In Detroit, nothing is hidden. Everything is raw and honest. It has to be. It has no other choice but to stand, bare breasted, with stretch marks and scars outlining the lines as they really fall, drawing hashes over our airbrushed mental image. She stands, with blemishes and burns across the body; all the while with her face turned upwards into the hot, hot summer sun.

I love her for that. I am captivated by her sincerity - the simplicity and circumstantial display of everything that we are taught is ugly.

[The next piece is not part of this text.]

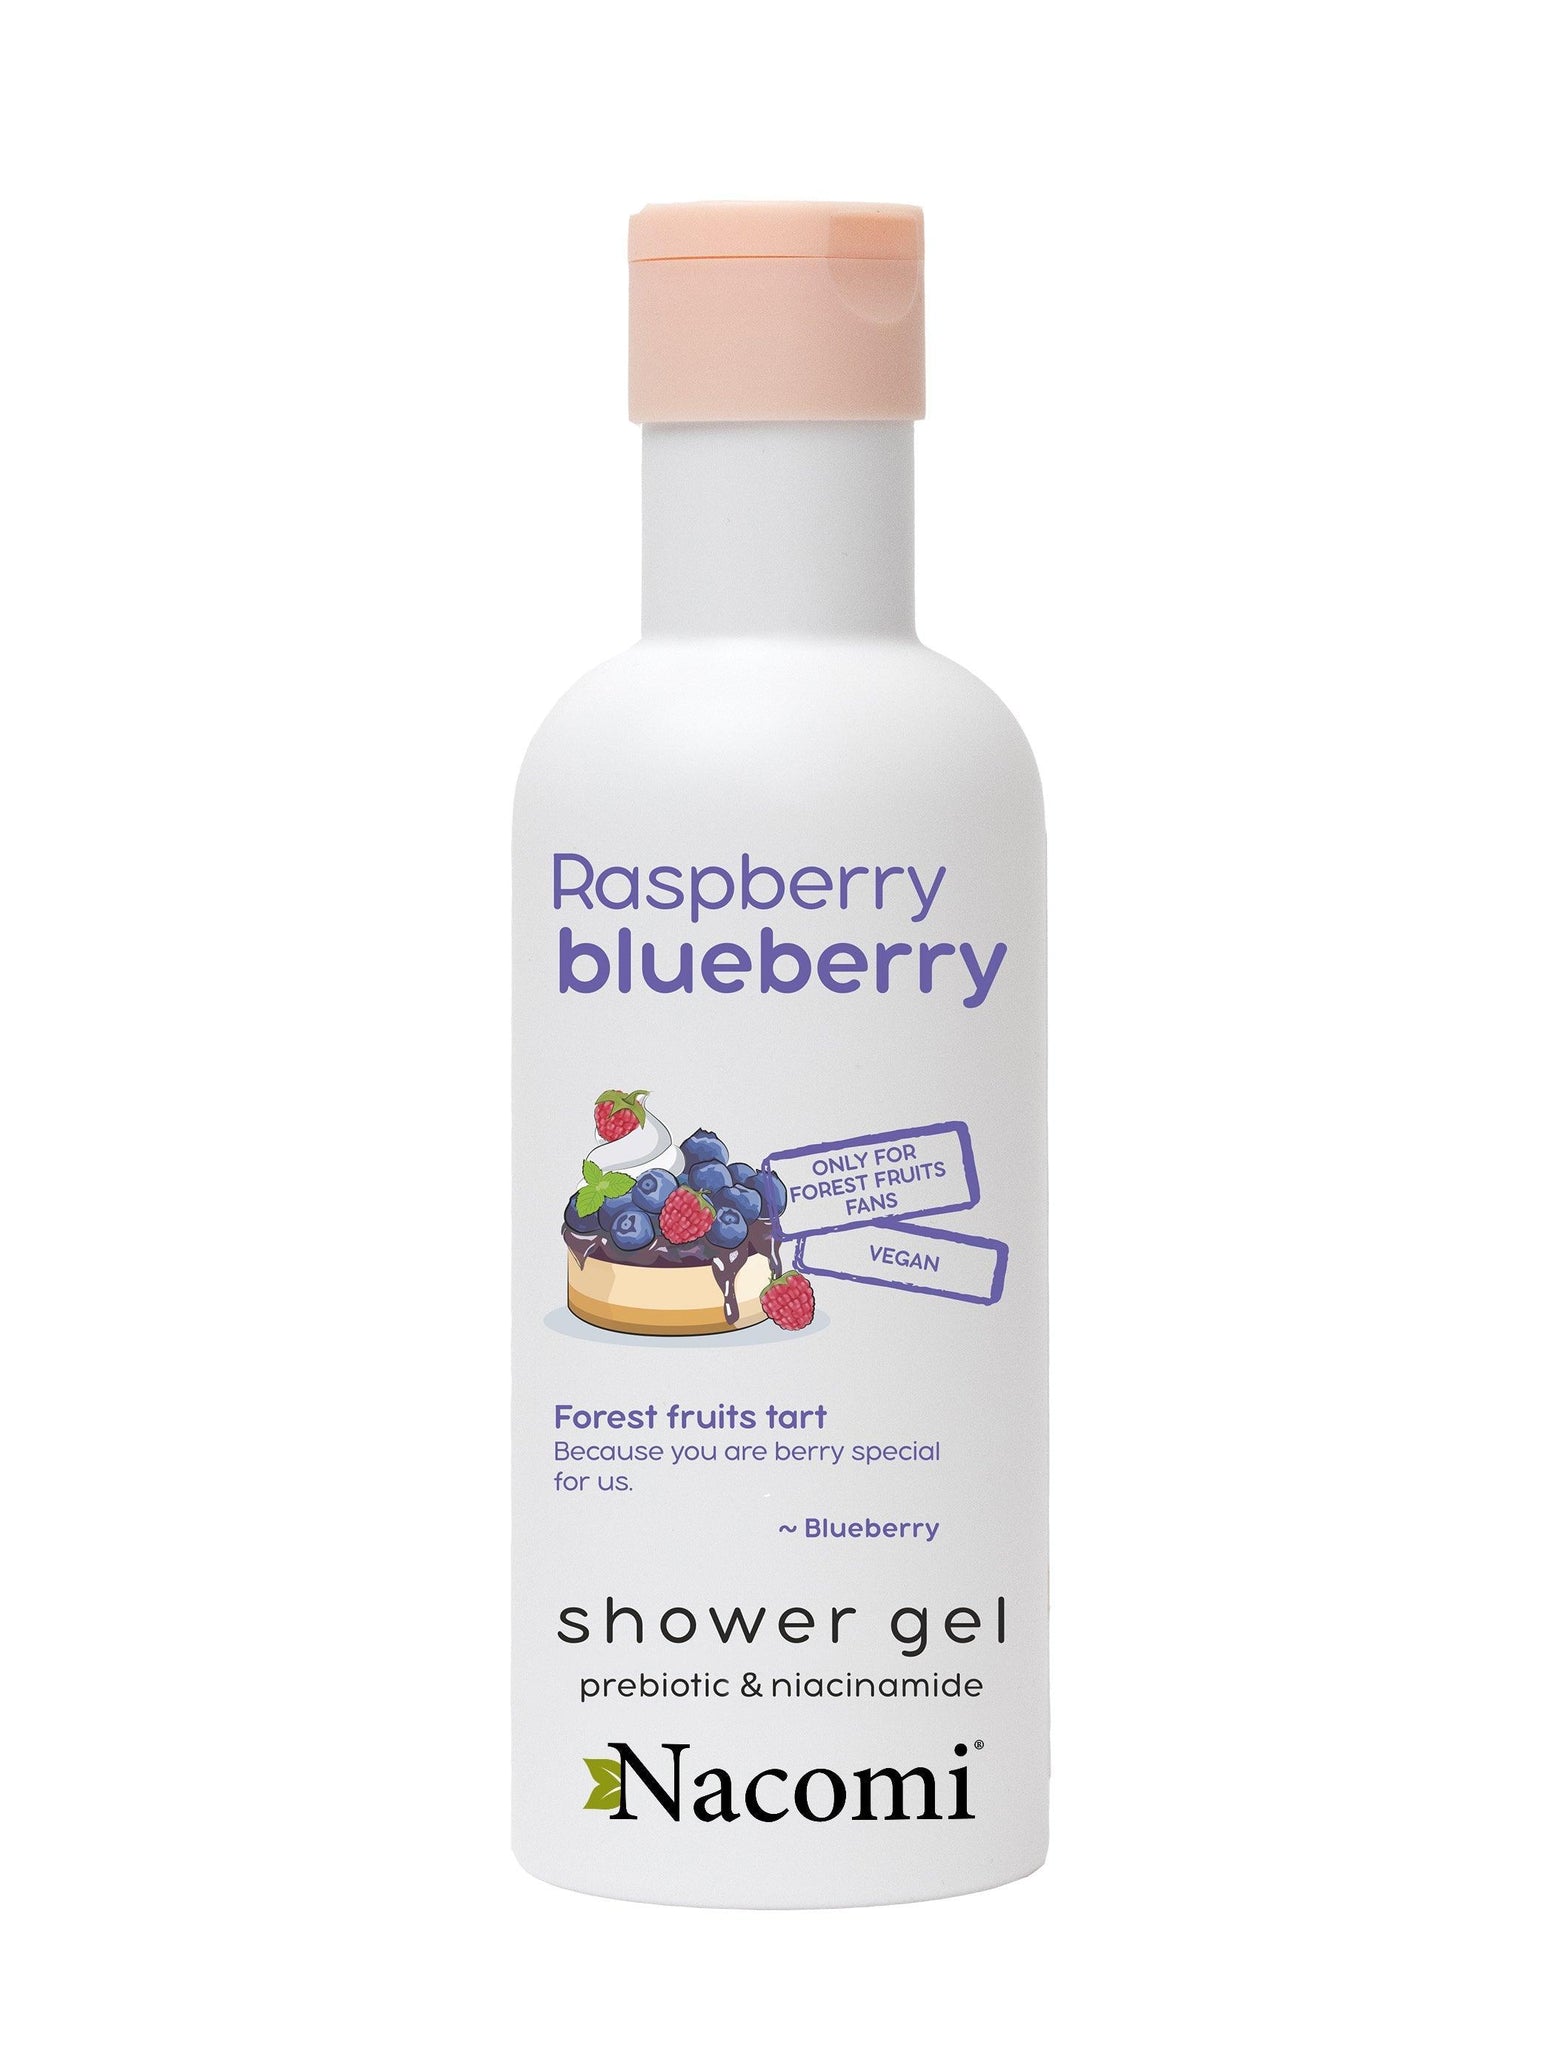 Nacomi Raspberry And Blueberry Shower Gel 300 ml - Mrayti Store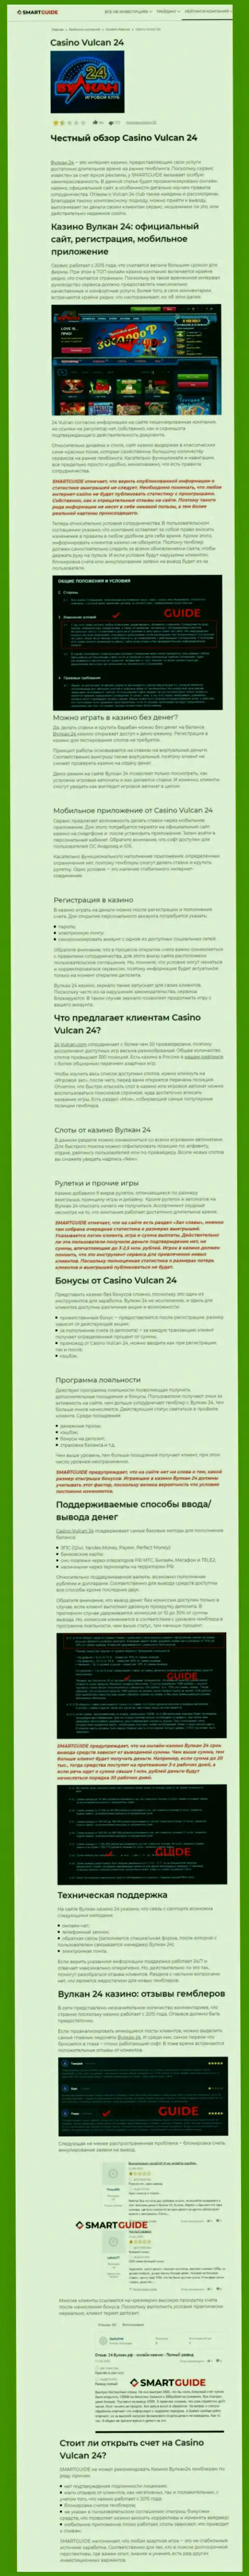 Вулкан 24 - это компания, которая зарабатывает на воровстве финансовых активов своих клиентов (обзор афер)

While everywhere else, we see things nipped and tucked and tanned and toned and then turned, in just such a way, so as to dazzle and taunt; mislead and manipulate, here, in Detroit, we see only what it is - what is real, straightforward, "unpretty." And yet, as we look, she is also unmoving - accepting our gaze, unapologetic, as we stand there feeling very much as though we, too, are staring at the sun.

There is so much beauty in the grittiness of things - so much more aesthetic depth and richness to a landscape that evolves exactly as it was meant to, without pretending that it didn't. Here: the textures of broken glass and falling brick; the cacophony of a city's fabric tearing apart at the seams; dozens of textiles, strewn about in the streets or stood up along their edges.

One scarcely has to point and click, and the photo turns out beautiful.
I said that about Santorini, too.
I mean it more with Detroit.

Aesthetically speaking, never before have I seen such an interesting subject in a city. Where every other city's photos have been captured a million times, every story a regurgitation of another, here I feel that the images go on forever - I could stay for weeks and still discover more; turn a corner, widen my focus or narrow it, and see something new or different. I feel as though it is a fresh story - one just now being written and (unlike horrific Vegas) one that will not - cannot - be scripted, but must rather be written organically.

Perhaps I'm glamorizing - romanticizing.
Or, perhaps not.

From a study of The City as a reflection and manifestation of her people, Detroit is my favorite.
And I want, somehow, to be one of them.